Abstract

Extant felids are hyper-carnivorous predators that originated in Asia c. 11 Mya and diversified in 8 distinct lineages, with 41 species surviving to the Recent. These species occupy almost every terrestrial habitat available in the four continental land masses they occupy and exhibit morphological and behavioral specializations to various locomotor styles and hunting modes. Today, distinct felid ensembles inhabit each continent and major biogeographic region. How the differential structuring of these ensembles was generated, and which evolutionary processes shaped these differences across ensembles, are key emerging questions. Using multivariate statistics, we analyzed a large dataset of 31 cranial and 92 postcranial linear variables describing shape and functional proxies of the entire skeleton of extant felids. We statistically demonstrate the existence of nine felid morphotypes at the global scale, whose occurrence is characteristic of different continental or biogeographic ensembles. Phylogenetically explicit analyses show that morphotypes from different felid lineages converged in different continents, but still ensembles remain distinct due to the fact that various morphotypes are missing in several of those ensembles.

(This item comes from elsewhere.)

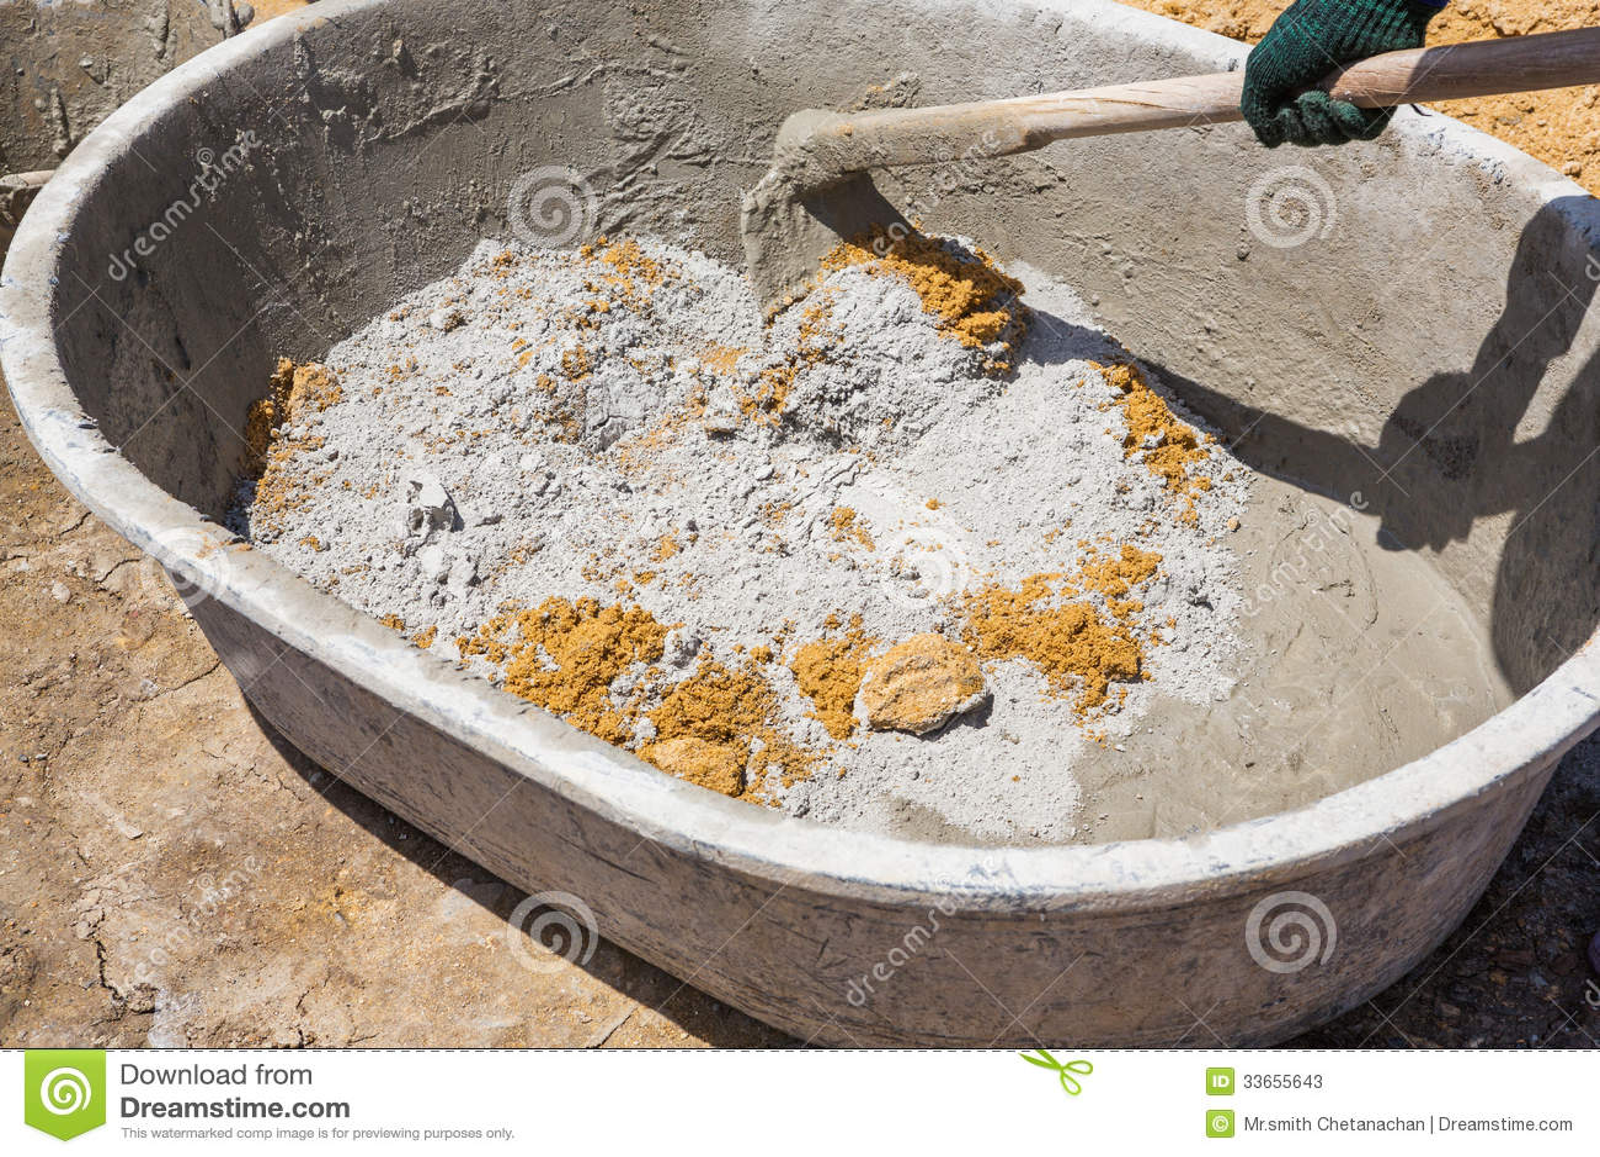 Concrete Mixing Tub : Mixing concrete in tub stock photos image

However, fossil evidence suggests that most of these missing morphotypes were represented by species from those territories that went extinct during the Quaternary. Furthermore, reconstructing the hypothetical felid ensembles before Pleistocene extinctions rendered the continental felid faunas remarkably more similar to each other than they presently are, leaving their remaining, relatively minor differences to outstanding geographic singularities of each continental land mass.